The U.S. government continued its push westward. The goal was for the West to be settled by families who would turn the land into profitable farms, ranches, and towns. Government leaders wanted the western half of the United States to resemble the East.
The American Indians watched the changes that were happening around them in dismay. They knew their way of life would never be the same.
The Cherokee, the Chickasaw, the Creek, the Choctaw, and the Seminole tribes lived in the southeastern United States. They were known as the Five Civilized Tribes because they had assimilated in many ways with their white neighbors, including becoming farmers, establishing towns, and learning to read and write. In general, they got along well with the settlers, but that began to change as the demand for land grew.
In 1830 President Andrew Jackson signed the Indian Removal Act, which allowed the federal government to relocate American Indians who lived east of the Mississippi River, including the Five Civilized Tribes. Tribes that signed the government treaties would have to move west of the Mississippi River to an area called Indian Territory. Indian Territory was located in present-day Oklahoma, more than 1,000 miles (1,600 km) from the tribal homelands.
Under the terms of the Indian Removal Act, the tribes were supposed to be allowed to make their own decisions about relocating. The Choctaw and Chickasaw chose to sign treaties and move. The Creek signed a treaty that would allow them to stay in Alabama while giving up a large part of their land to settlers. The Creek soon lost their land to the settlers, and in 1836 they were forced to move west.
While a few members of the Seminole and Cherokee tribes had signed removal treaties, most tribe members wanted to stay and declared the treaties invalid. The Seminoles went to war three times in an effort to keep their land in Florida, but by the early 1840s most had left and moved west.
TRAIL OF TEARS
The Cherokee decided to use the legal system to try to keep their land. In 1831 the tribe sued the state of Georgia. The state had passed a law in 1830 outlawing whites from living on Indian land, which was aimed at white missionaries who were helping the Cherokee. The case went to the U.S. Supreme Court, which ruled in the Cherokees’ favor. But President Andrew Jackson would not enforce the ruling. In 1836 the government gave the Cherokee two years to pack up and leave. Most refused.

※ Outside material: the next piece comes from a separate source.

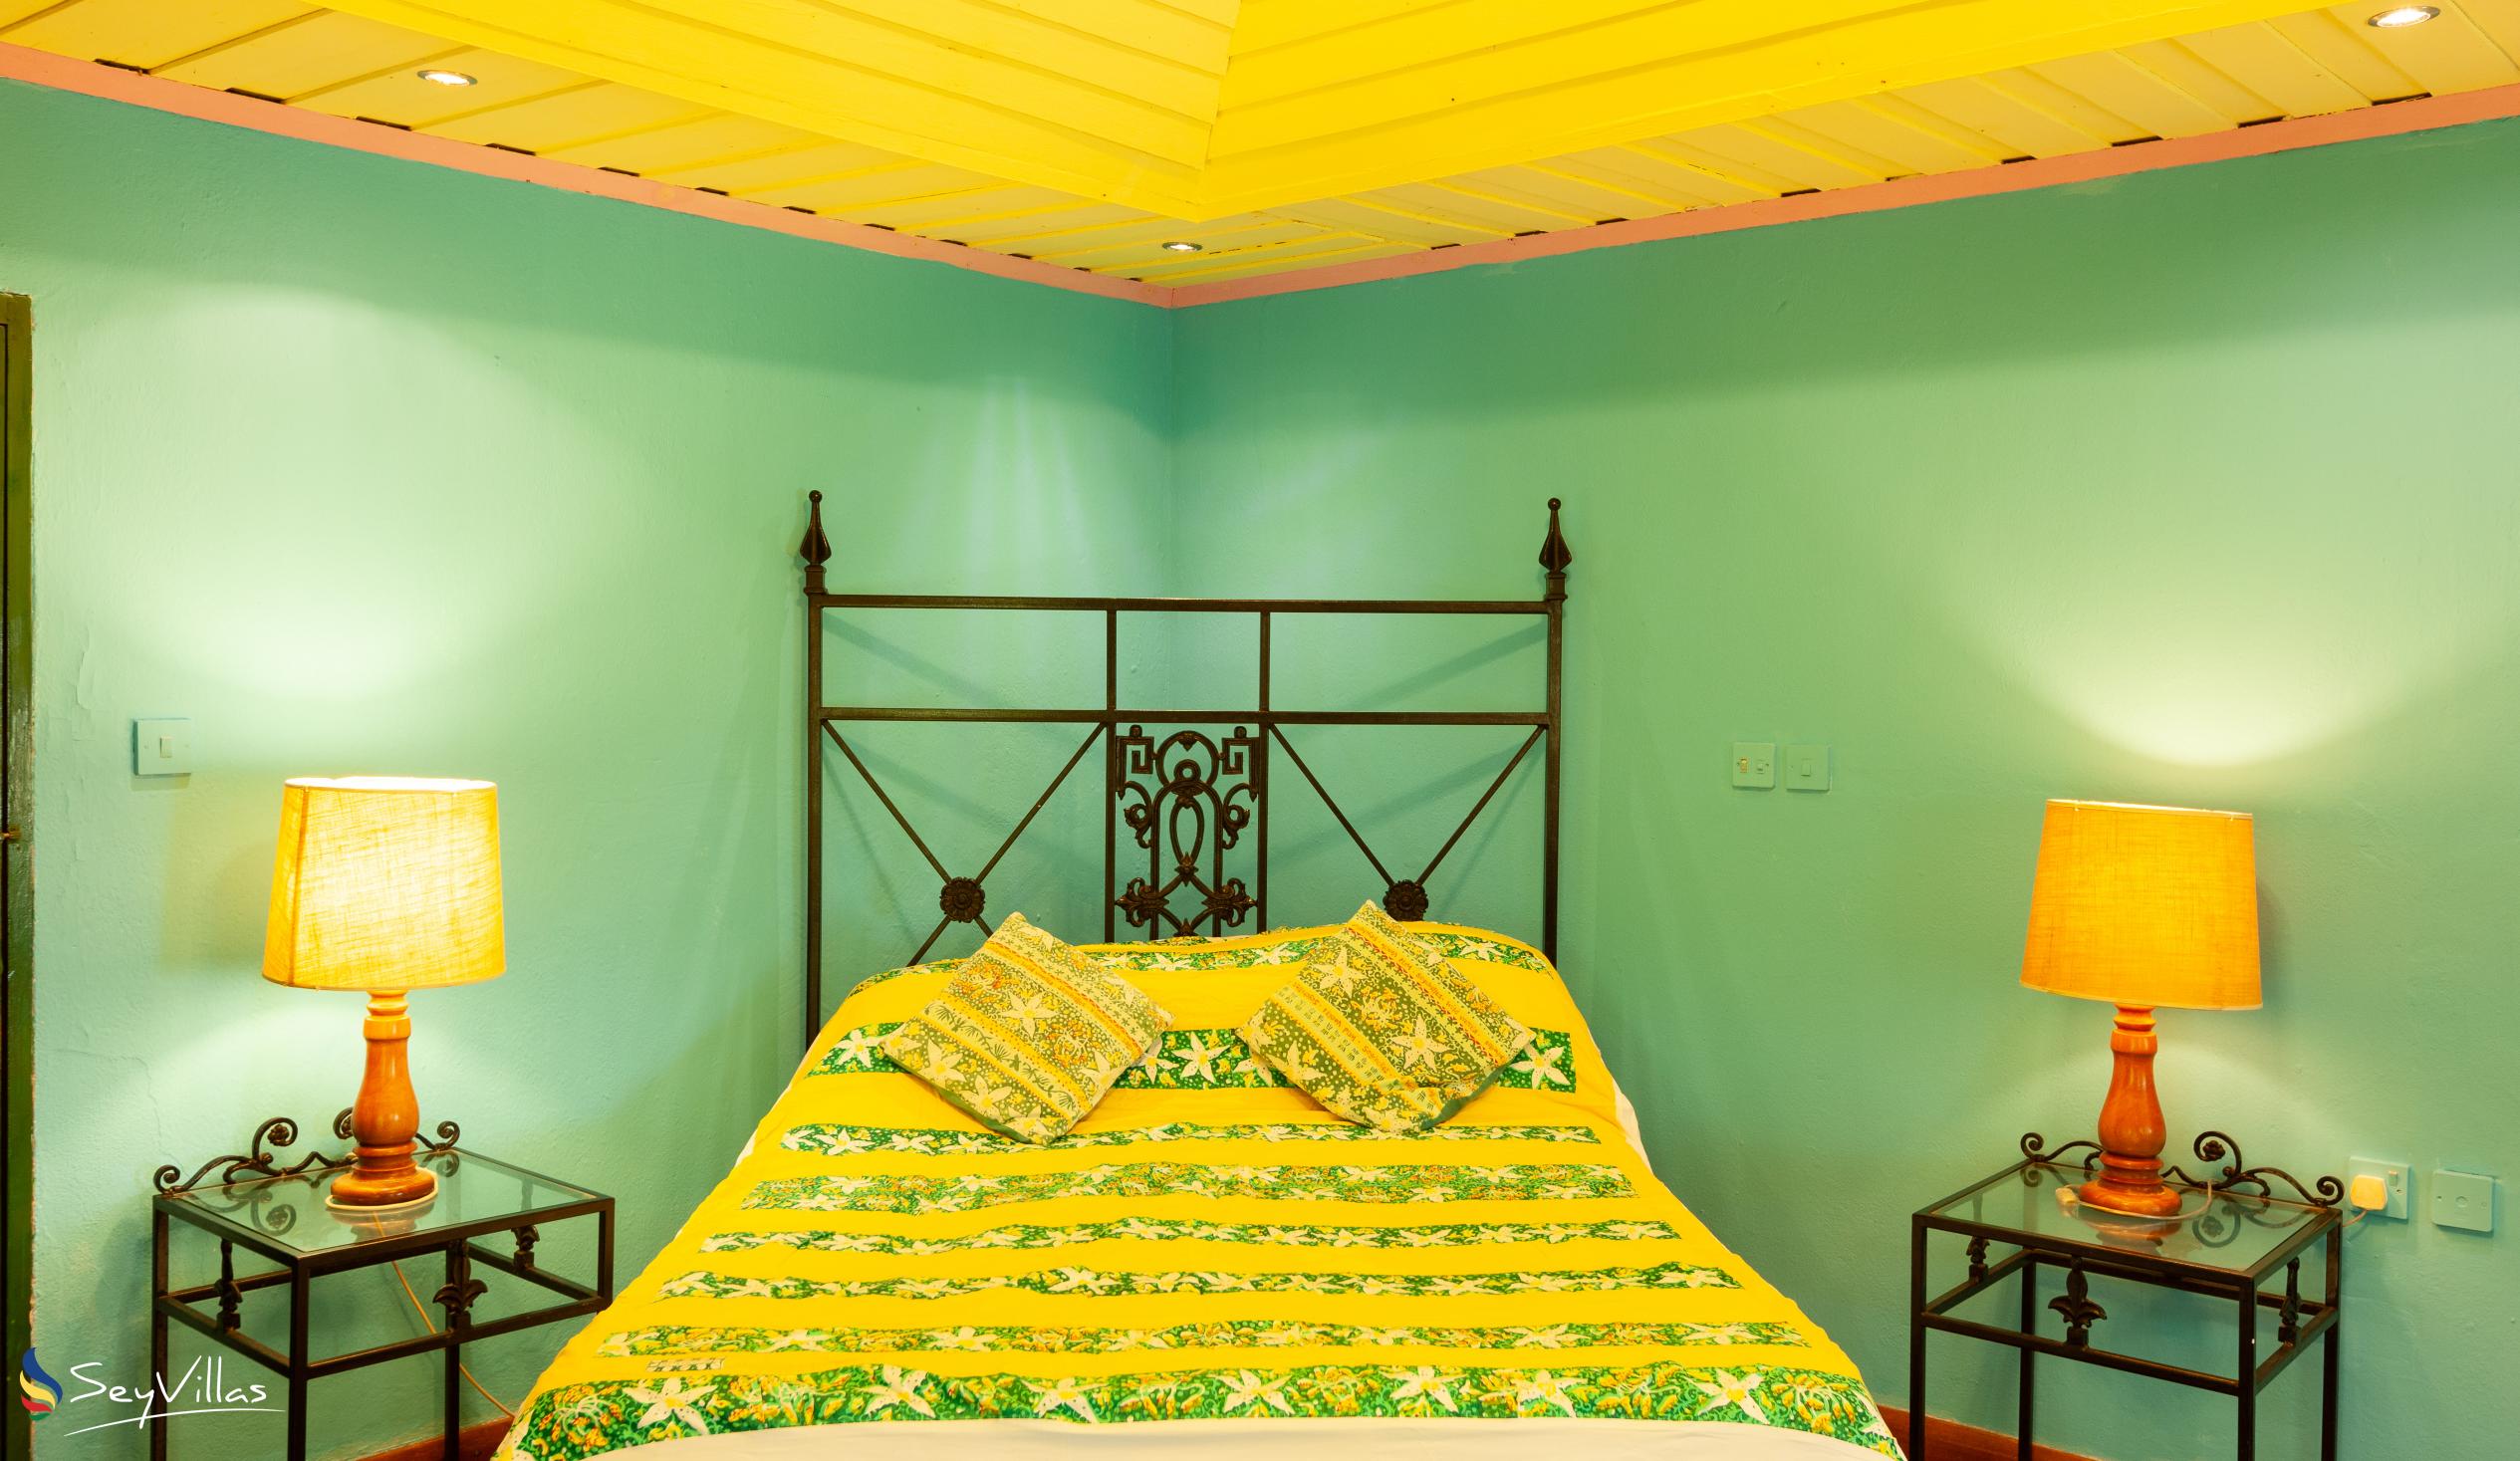 Photo 48: Chauve Souris Relais - Creol Room - Praslin (Seychelles)

In 1838 the government sent in 7,000 soldiers to force the Cherokee to leave. About 15,000 men, women, and children began walking 1,200 miles (1,931 km) from Georgia to Indian Territory. Along the way about 4,000 died of exposure, starvation, and disease. Cherokees still remember it as the Trail of Tears. Recalling the long The Trail of Tears September 20, 2006 walk many years later, former Army Private John G. Burnett wrote:
“Murder is murder and somebody must answer, somebody must explain the streams of blood that flowed in the Indian country in the summer of 1838. Somebody must explain the four thousand silent graves that mark the trail of the Cherokees to their exile. I wish I could forget it all, but the picture of six-hundred and forty-five wagons lumbering over the frozen ground with their Cargo of suffering humanity still lingers in my memory.”2
American Indians who were forced to move west of the Mississippi River likely hoped that they would be allowed to live in peace. But that wasn’t to be.
American Indians had good reason to fear the settlers, who brought deadly diseases with them as they moved west. Since they had never been exposed to the germs that caused measles, cholera, and smallpox, the Indians didn’t have any immunity. An outbreak of smallpox in 1837 almost wiped out the Mandan tribe of North Dakota. The Lakota and the Cheyenne tribes of the Great Plains suffered many deaths from an outbreak of cholera in the late 1840s.
Many Americans supported the idea of Manifest Destiny—the belief that white Americans were meant to own all of the land from coast to coast because that is what God wanted. They saw nothing wrong with taking any land they wanted, even land occupied by American Indians. As the white population slowly inched its way west, Indians had to either fight to hold onto their land or leave.
Fighting among Indian tribes over territory or other issues was not unusual. The lack of unity among the tribes weakened the Indians as they fought westward expansion. Another advantage for the Army and the settlers was that almost everyone spoke the same language—English—while the Indians didn’t. With various tribes living all over the country, gaps in communication made coming together as a united force against the settlers and the Army almost impossible.
Their fighting methods also hampered the American Indian tribes. Depending on the tribe, Indian warriors were skilled fighters with knives, lances, and bows and arrows. The Indians believed that the closer you were to your enemy, the greater and more honorable the victory. The soldiers and the settlers fought back with guns, which were deadly at long distances.
When Indians did choose to fight, they often fought alone or in small groups. They attacked settlers on their way west or single families on their homesteads, stealing horses and burning down houses, farms, and crops. Fear of Indian attacks—and of Indians—grew among the settlers.